Yes, some savers can actually get the government to help them feed their IRA.

Here’s how: You may be able to get a bigger refund on your taxes by claiming a deduction for your contribution to a traditional IRA. Then, use the extra refund money to build up next year’s IRA contribution.

Are you eligible for this tax deduction? If you (and your spouse, if you're married) don't have a retirement plan at work, then generally you're eligible for the full deduction.

But if you or your spouse are covered by a retirement plan at work, you’ll need to earn less than certain amounts to get this little trick to work. You can view the full traditional IRA deduction limits here.

If you earn too much to get this credit, consider a Roth IRA instead. There are income restrictions here, too, but they're more generous. And you'll get some seriously good future benefits instead of a tax break today. Check out our guide on Roth IRAs vs traditional IRAs.

» Did you know? Even without a tax deduction, a nondeductible IRA makes sense for some people.

2. Let Uncle Sam help you again

The government may come to your rescue again, especially if you’re a low- or moderate-income saver.

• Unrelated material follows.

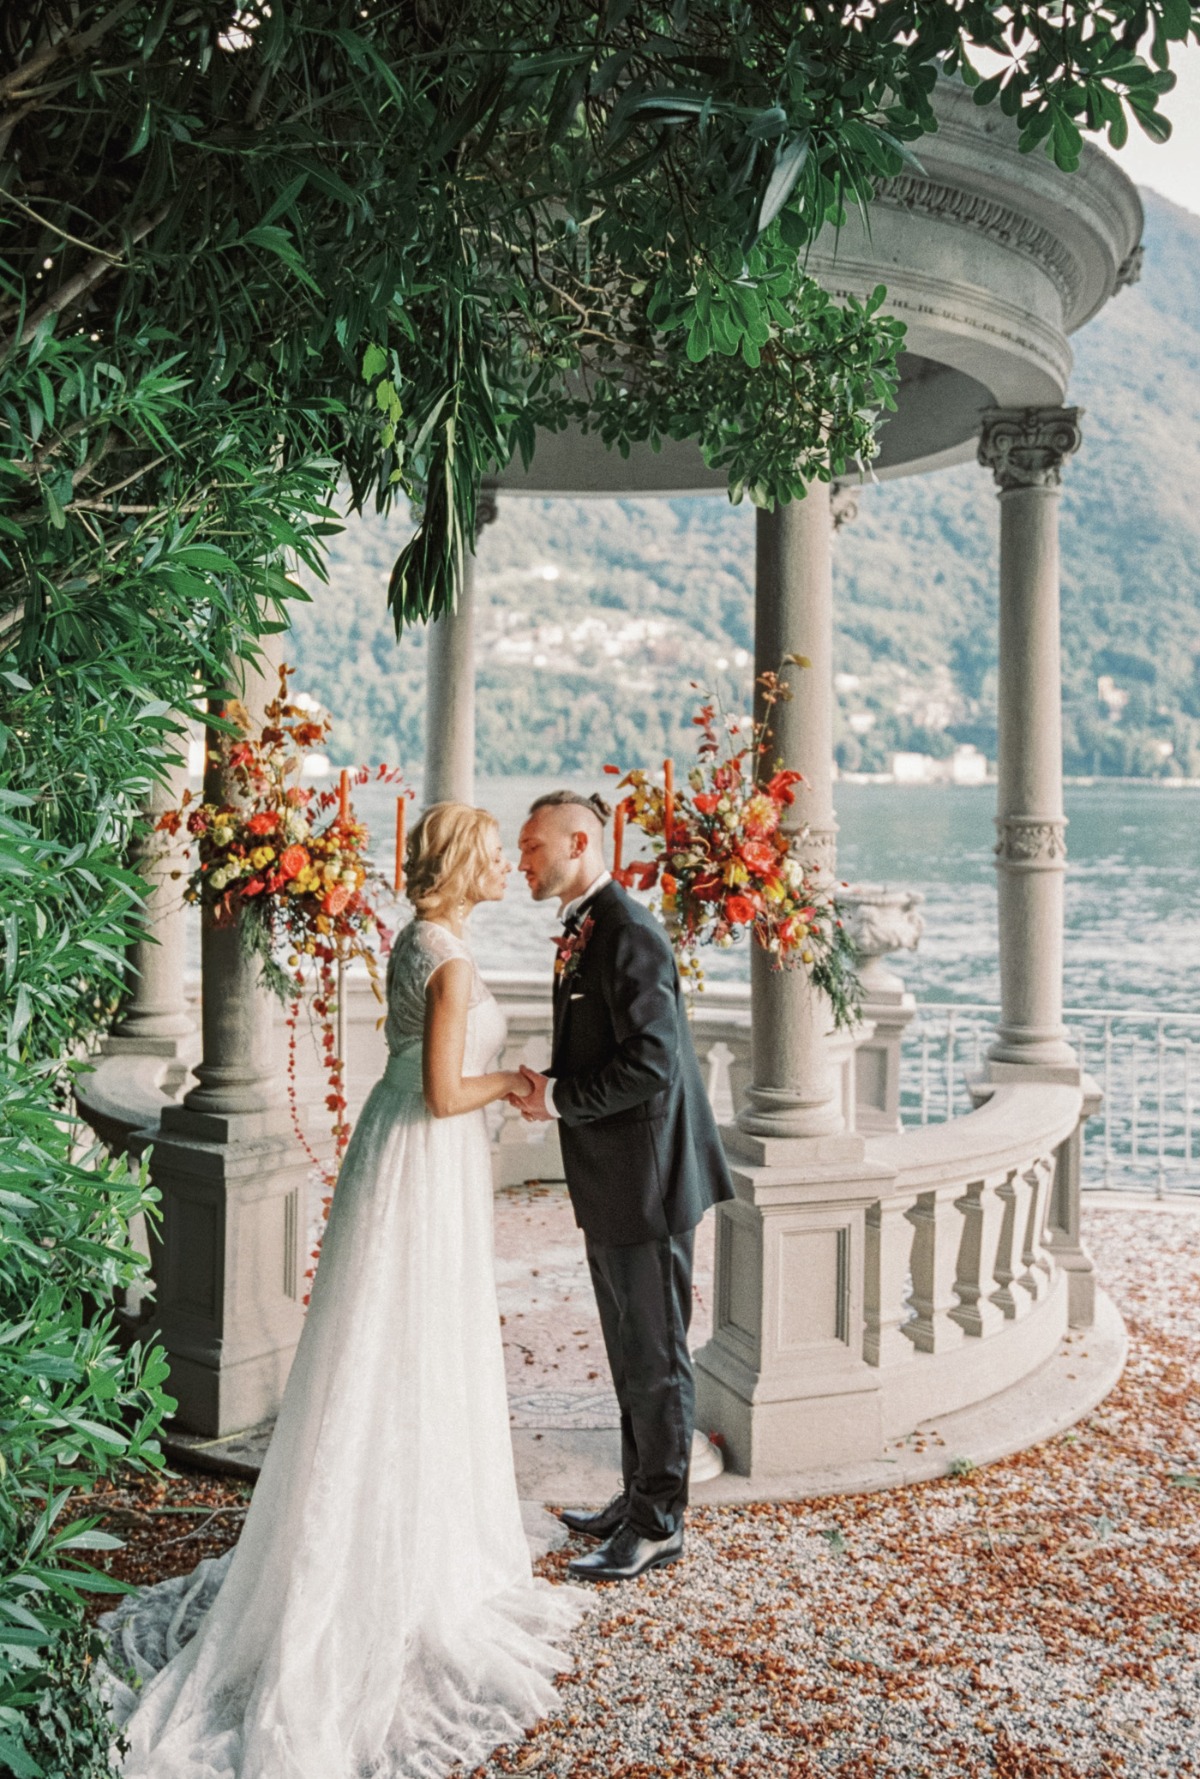 The Bride Wore Red Velvet Shoes for Her Fall Wedding Day on Lake Como

You can claim the Saver’s Credit on your tax return, which offers a tax credit of up to 50% based on traditional IRA contribution.

For example, if you're filing as single and contribute $2,000 to a traditional IRA, you could receive a tax credit of $1,000. For those married filing jointly, it could be a tax credit of $2,000 for a contribution of $4,000. However, you'll need to have an income below a certain level to qualify for the full credit.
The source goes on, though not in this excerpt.